Operations Engineer, HPC Networking
Confirmed live in the last 24 hours
CoreWeave
Compensation
$110,000 - $179,000/year
Job Description
What You’ll Do:
In this role, you will support the deployment, monitoring, troubleshooting, and maintenance of large-scale InfiniBand fabrics, ensuring their stability and performance. The ideal candidate will have a strong operations mindset, effective collaboration skills, and the ability to solve complex issues in a dynamic environment.
- Regularly monitor the performance and health of InfiniBand fabrics, including switches, host adapters, and nodes.
- Investigate and resolve operational issues within InfiniBand fabrics, such as network connectivity problems and performance bottlenecks.
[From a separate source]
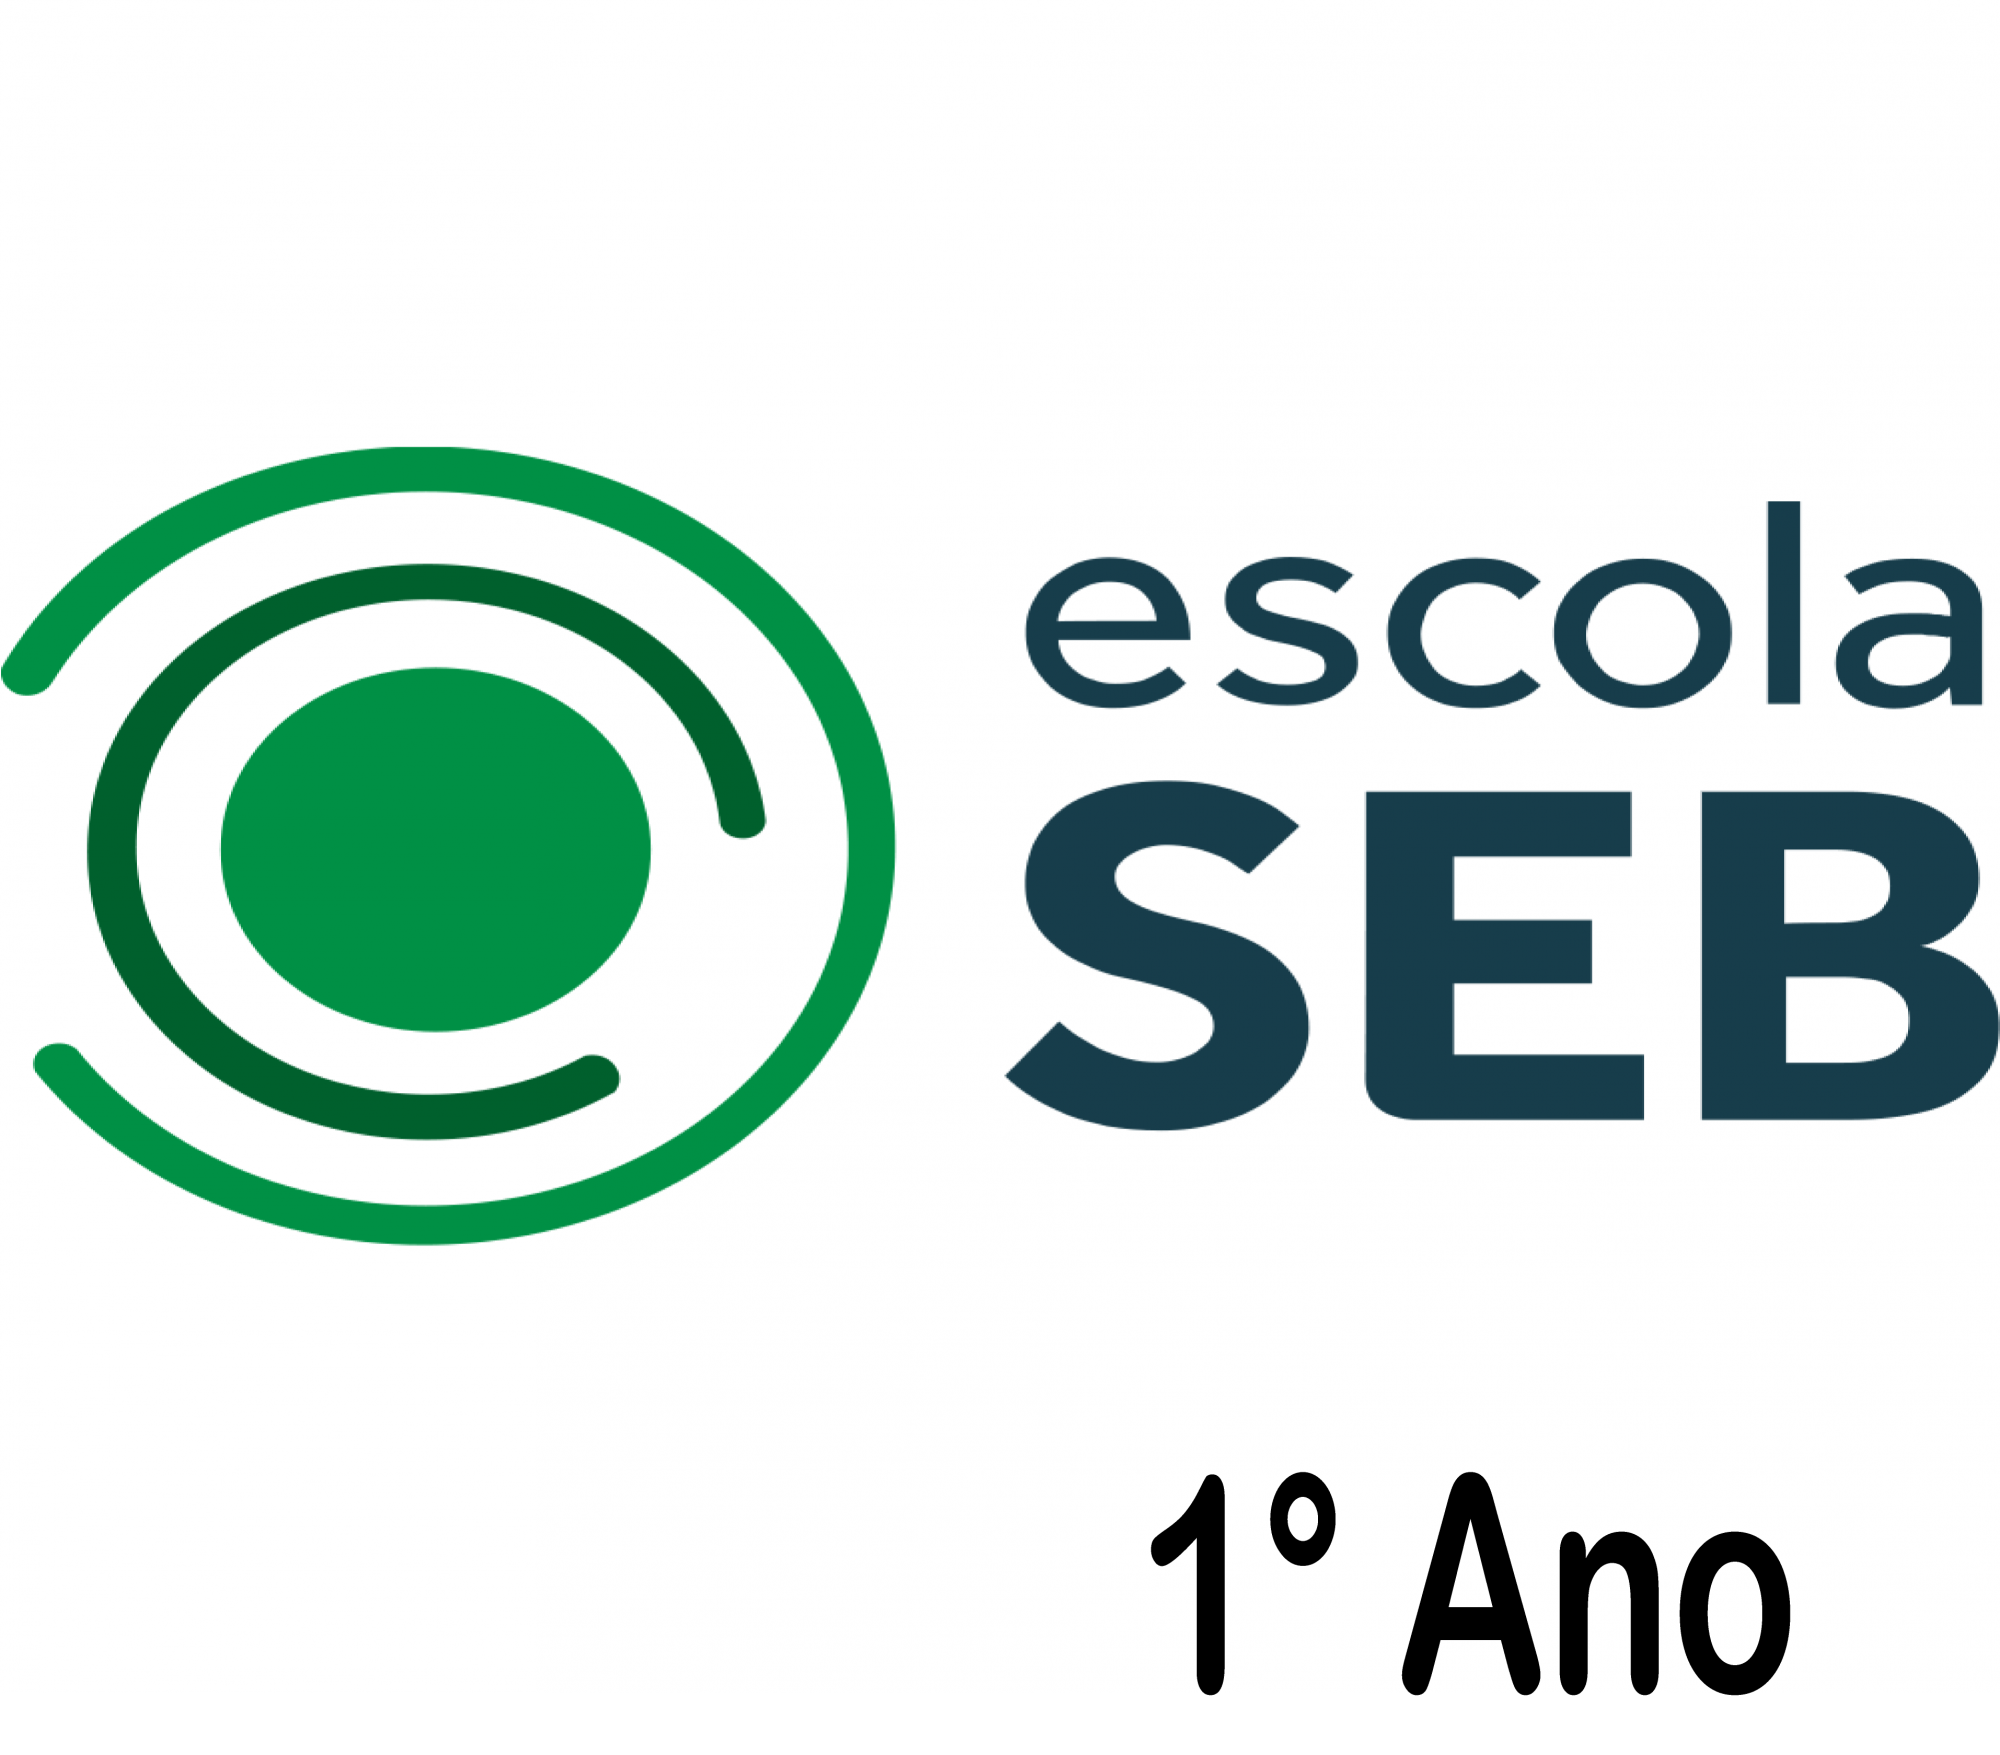 Seb Coc - 1° Ano sem uso pessoal - 2021

- Assist with the installation and operational bring-up of large InfiniBand fabrics in collaboration with onsite personnel and customer teams.
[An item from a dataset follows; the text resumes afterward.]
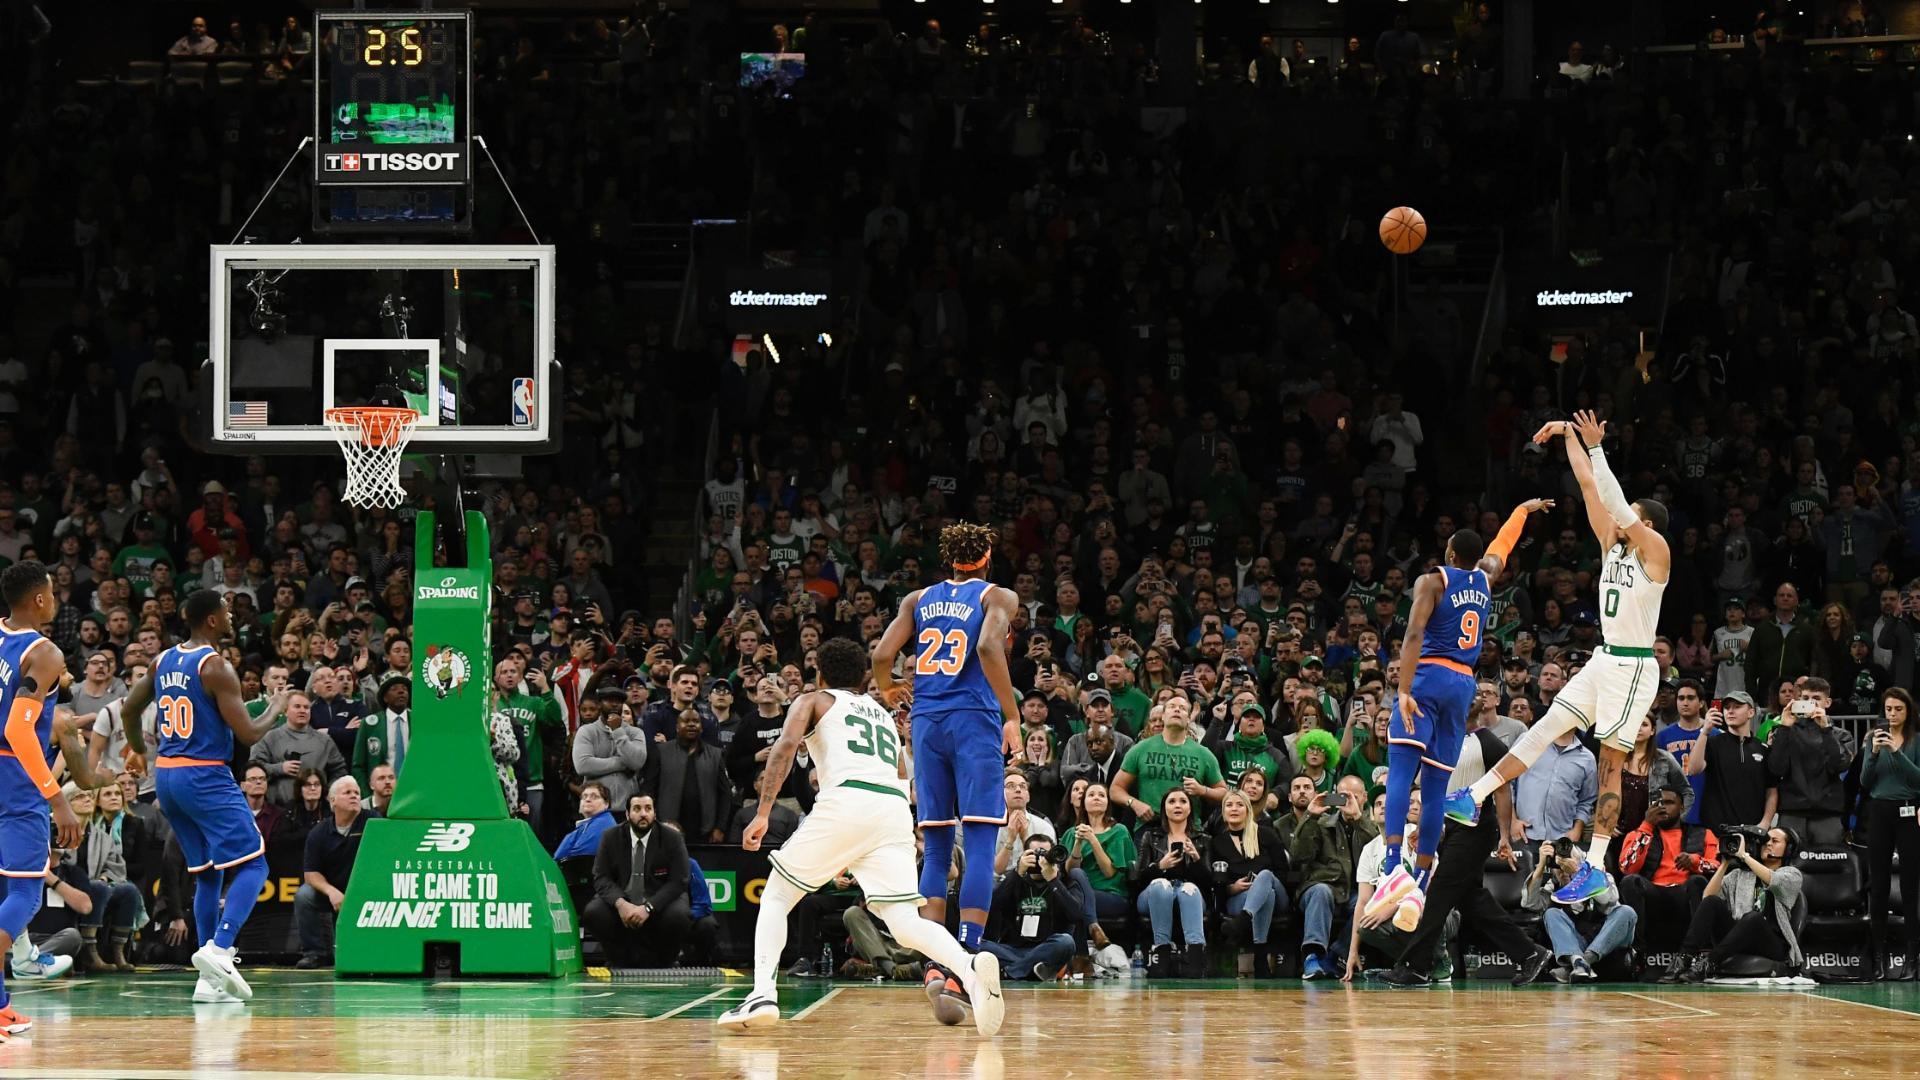 Tatum drills winning shot vs. Knicks

- Perform routine maintenance and upgrades on InfiniBand switches and control plane components.
- Collaborate with HPC cluster operations teams to provide troubleshooting and operational expertise.
Investing in our people is one of our top priorities, and we value candidates who can bring their diversified experiences to our teams. Here are some qualities we’ve found compatible with our team. We'd love to talk about whether this aligns with your experience and Interests and what you’re excited to work on next.
Who You Are:
Minimum Qualifications
- At least 1 year of experience with InfiniBand or similar networking technologies.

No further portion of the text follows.